Exercise requirements
Drop the pictures and restate the rest of the listing word for word.

Given information
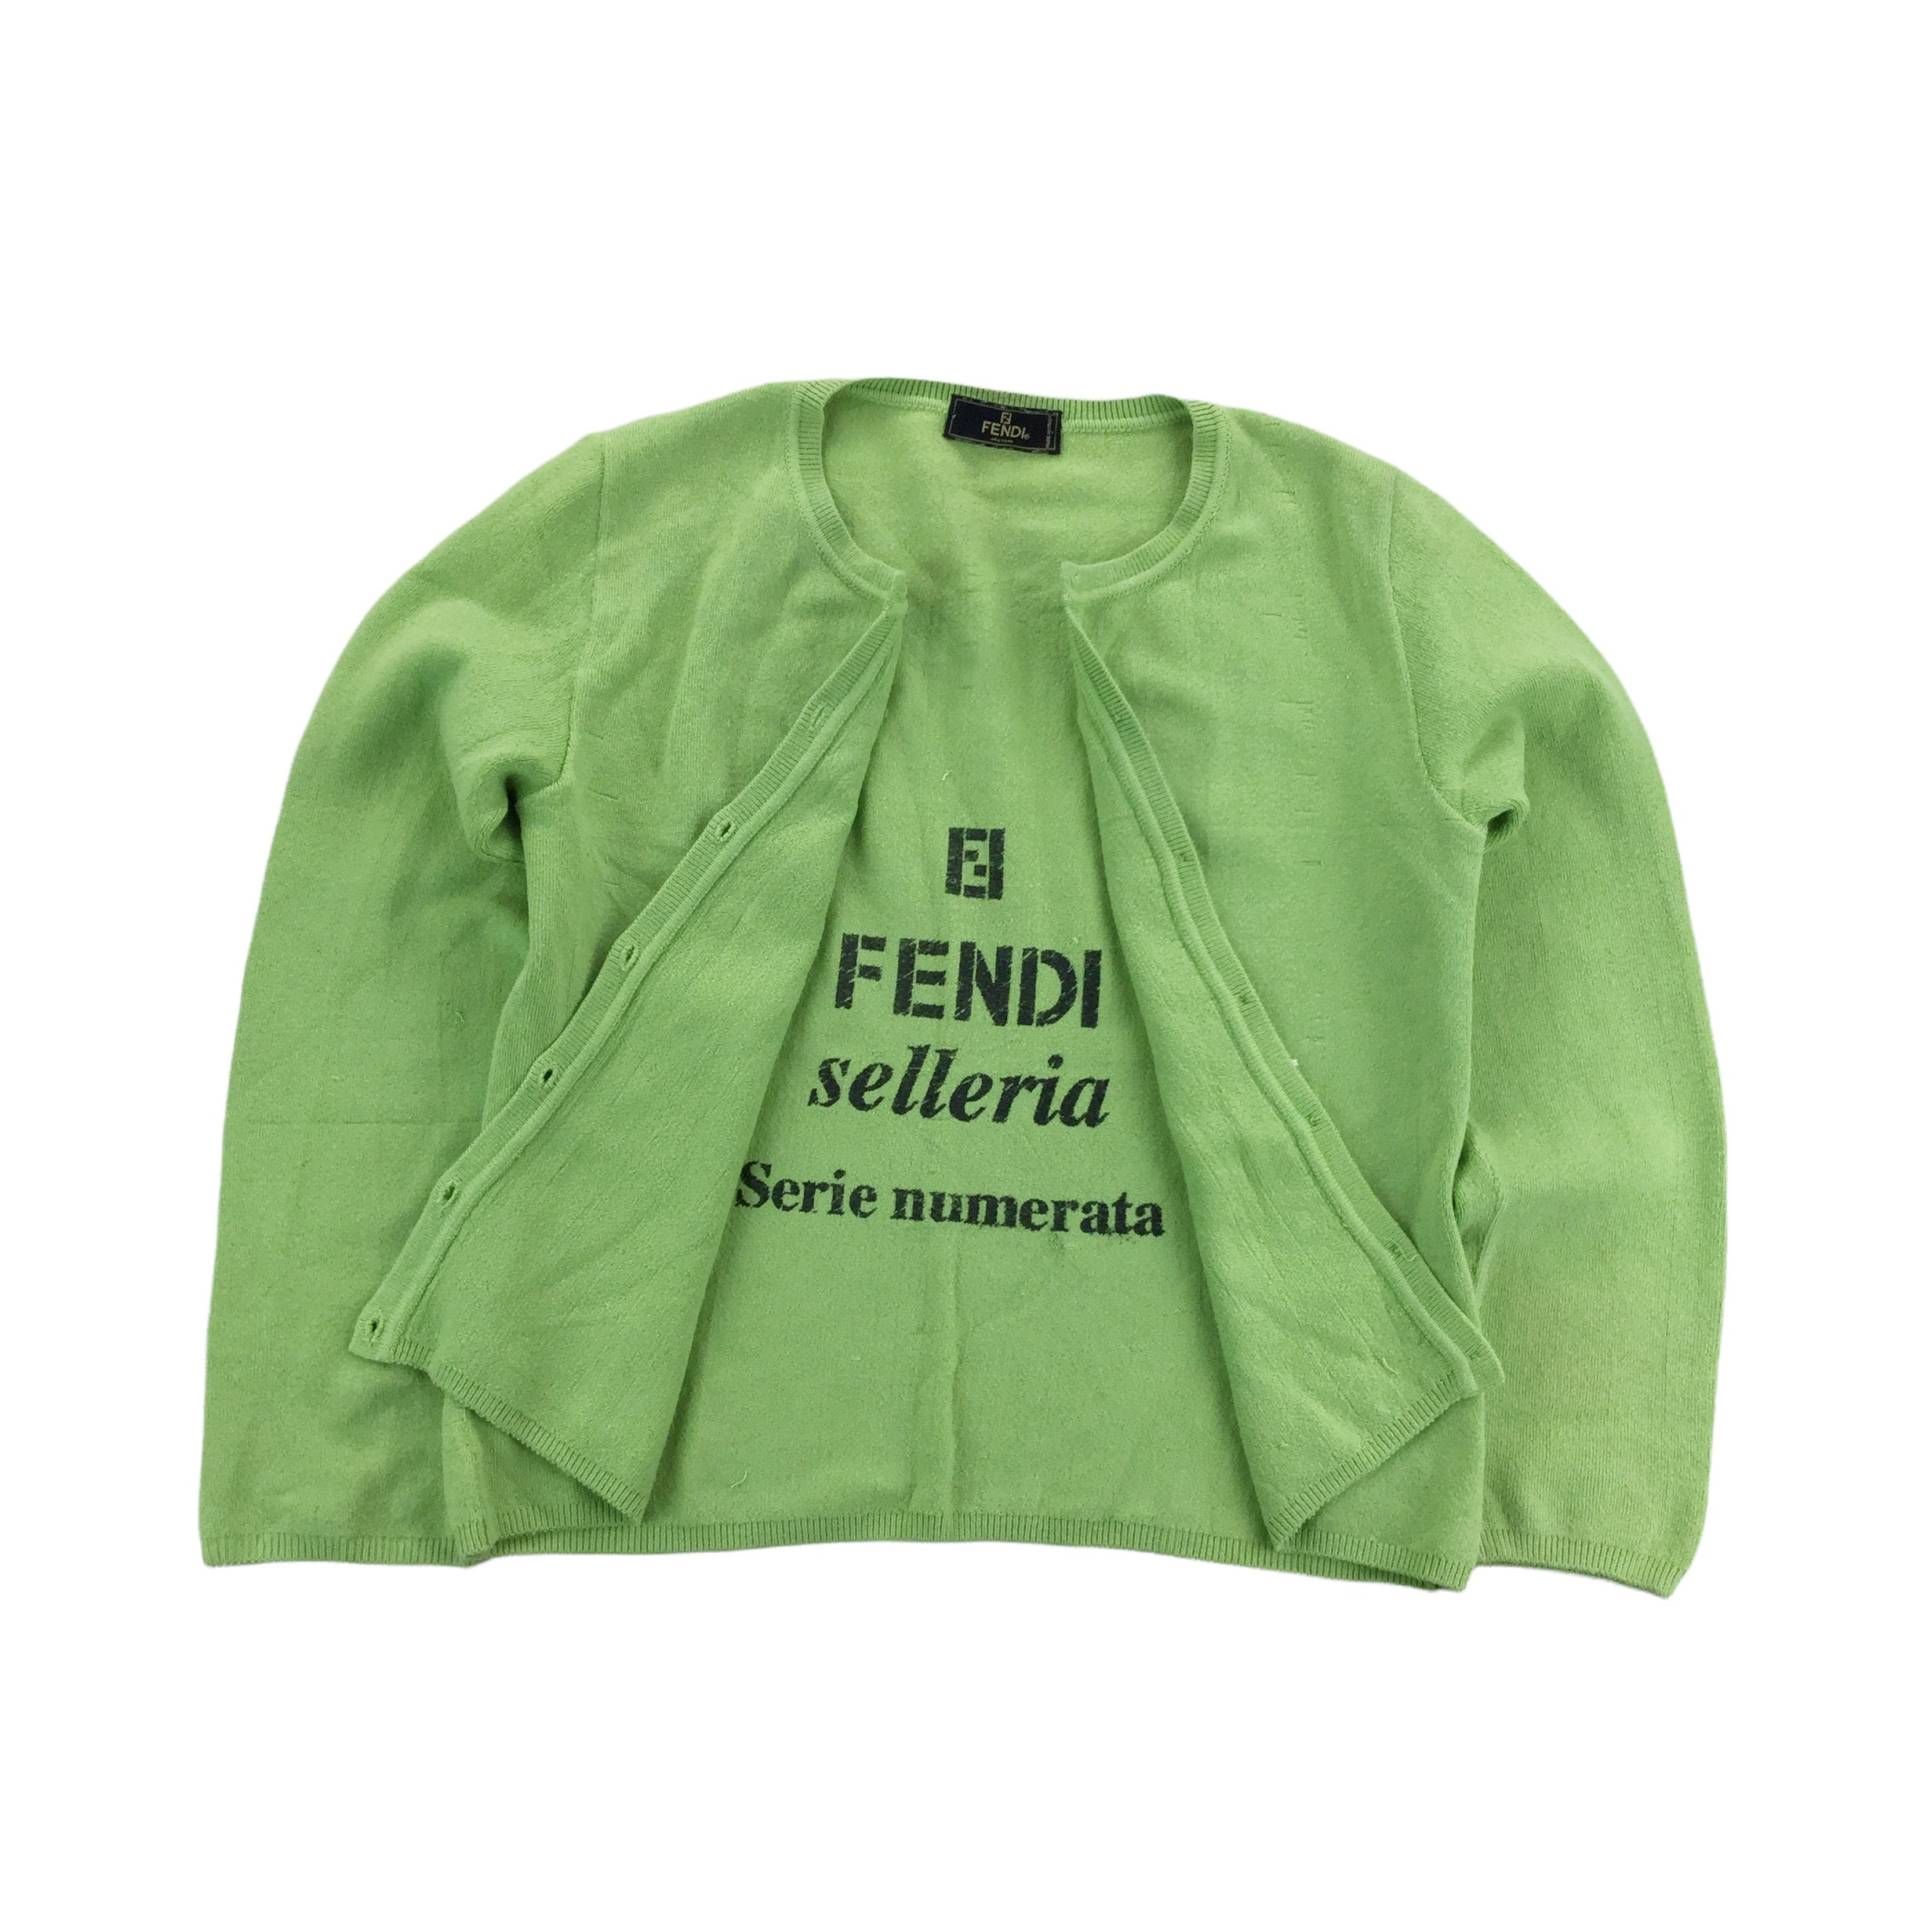 Vintage Fendi Selleria Serie Numerata Button Sweatshirt - Frauen/M Größe Mantel Weibliche Jacke Gebraucht von aloisstudio
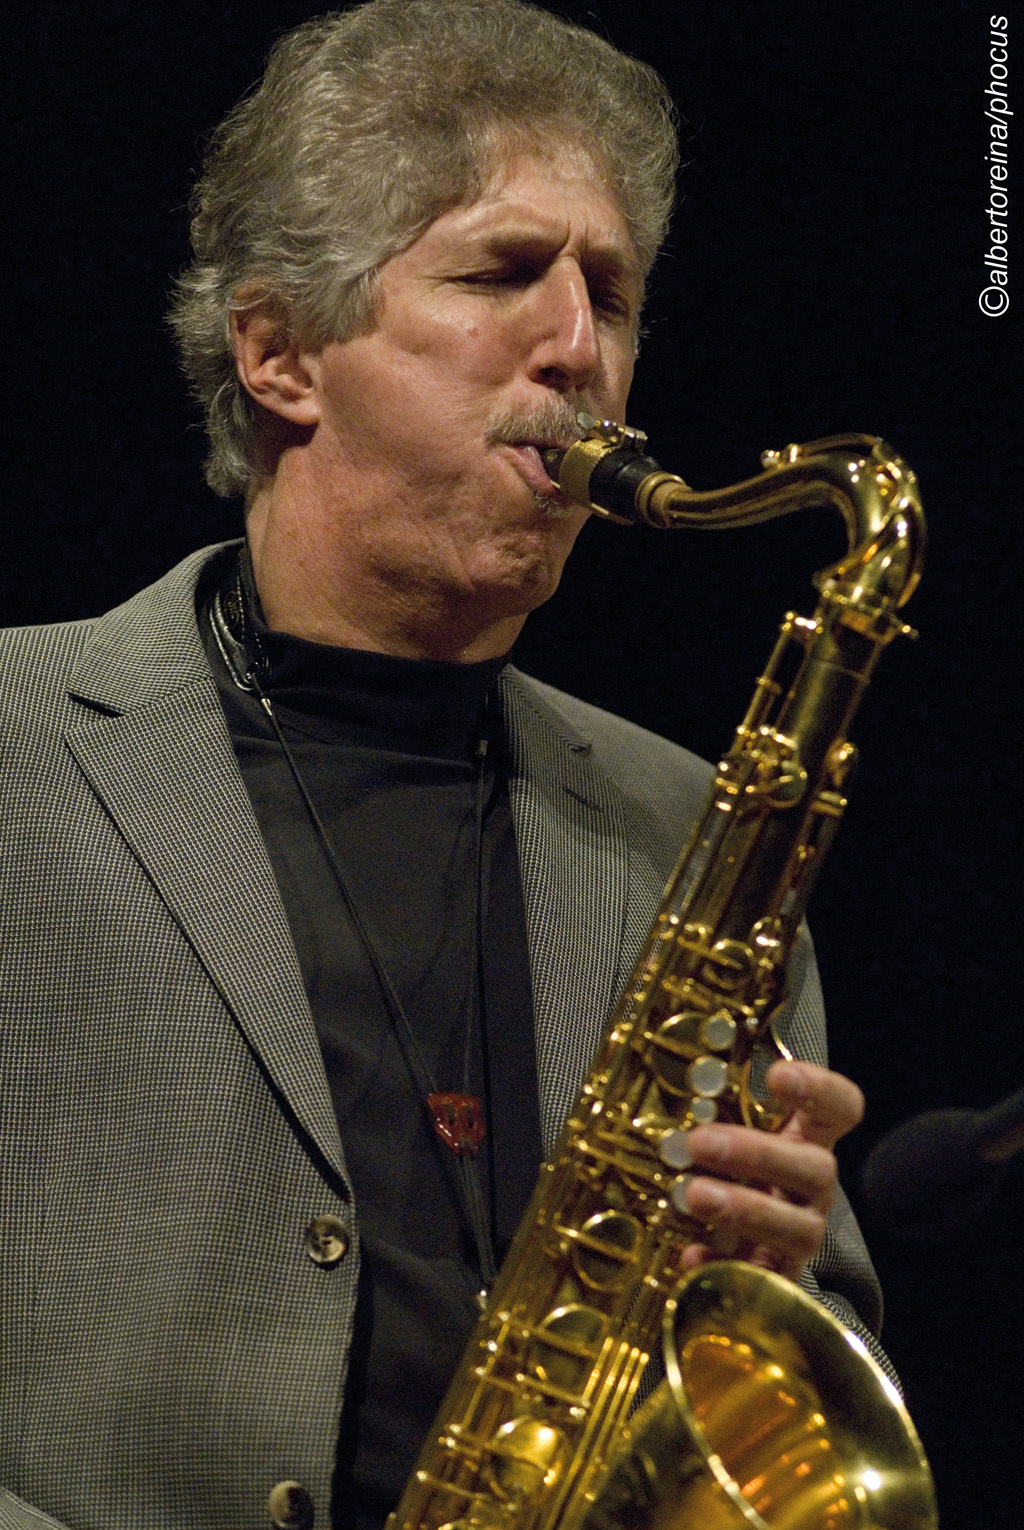 Ein Mann, der Saxophon spielt.
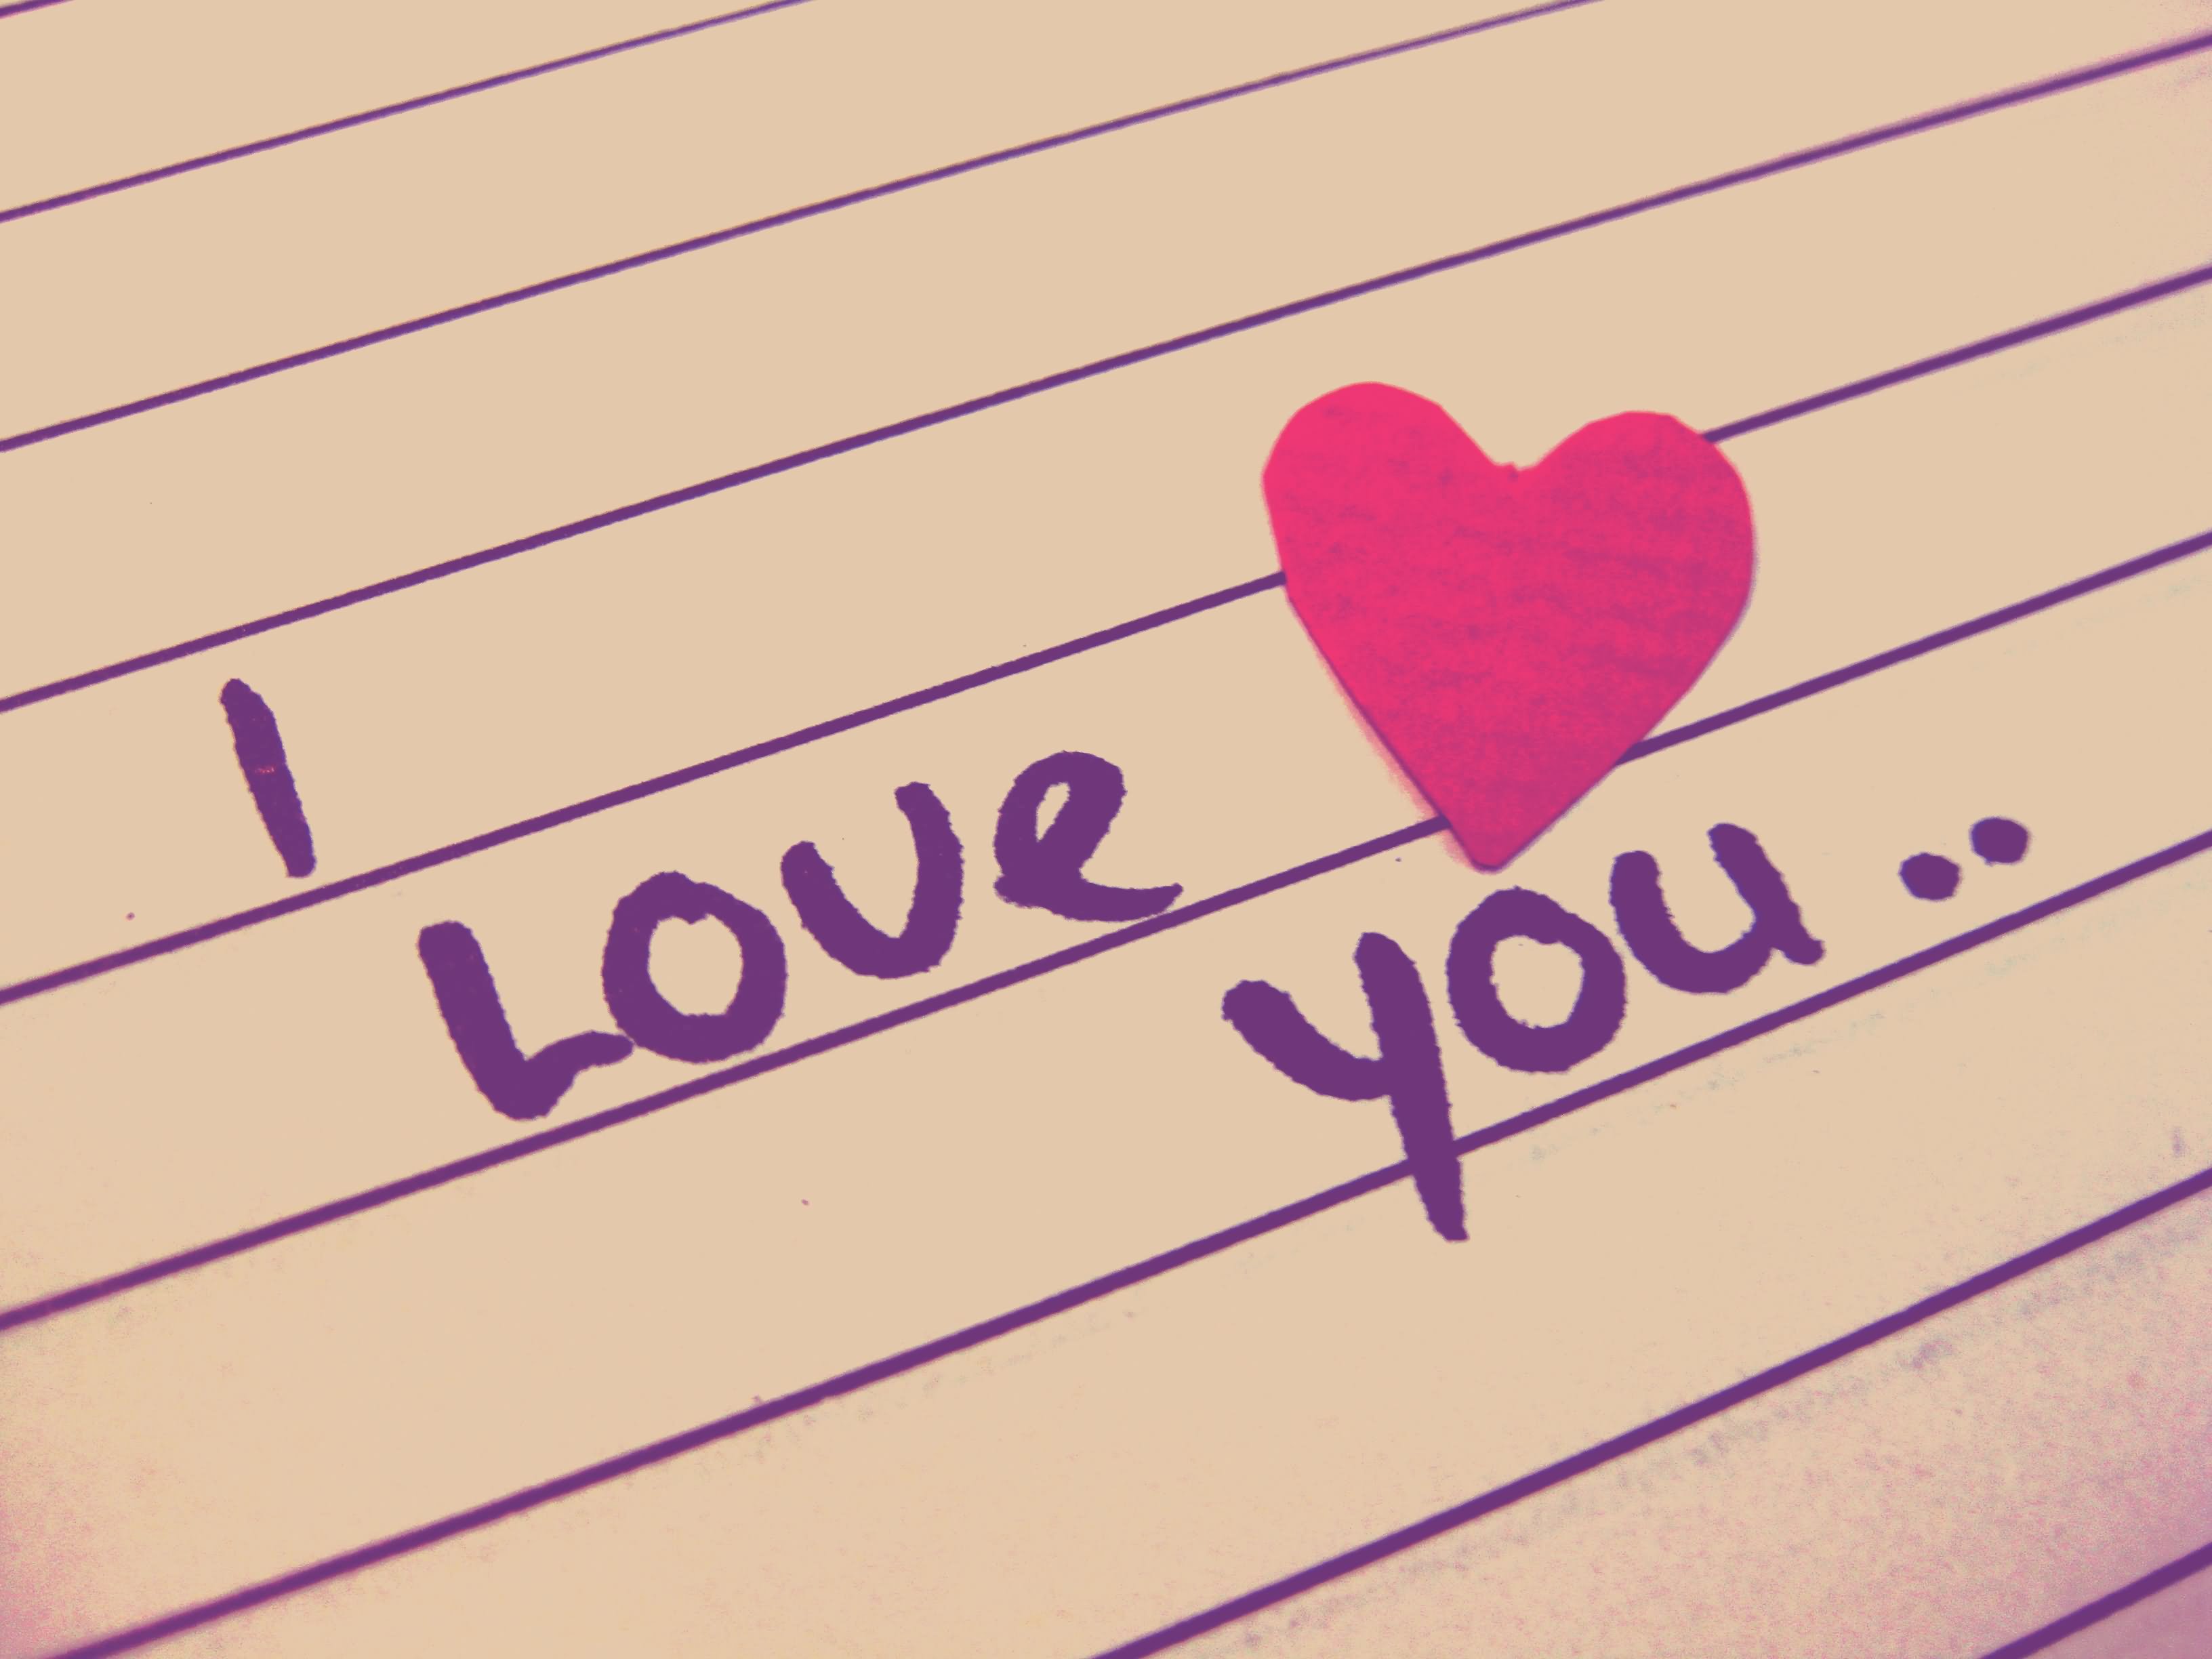 i-love-you-heart-wallpaper-94982448.jpg

Exercise result
 Vintage Fendi Selleria Serie Numerata Button Sweatshirt - Frauen/M Größe Mantel Weibliche Jacke Gebraucht von aloisstudio
 Ein Mann, der Saxophon spielt.
 i-love-you-heart-wallpaper-94982448.jpg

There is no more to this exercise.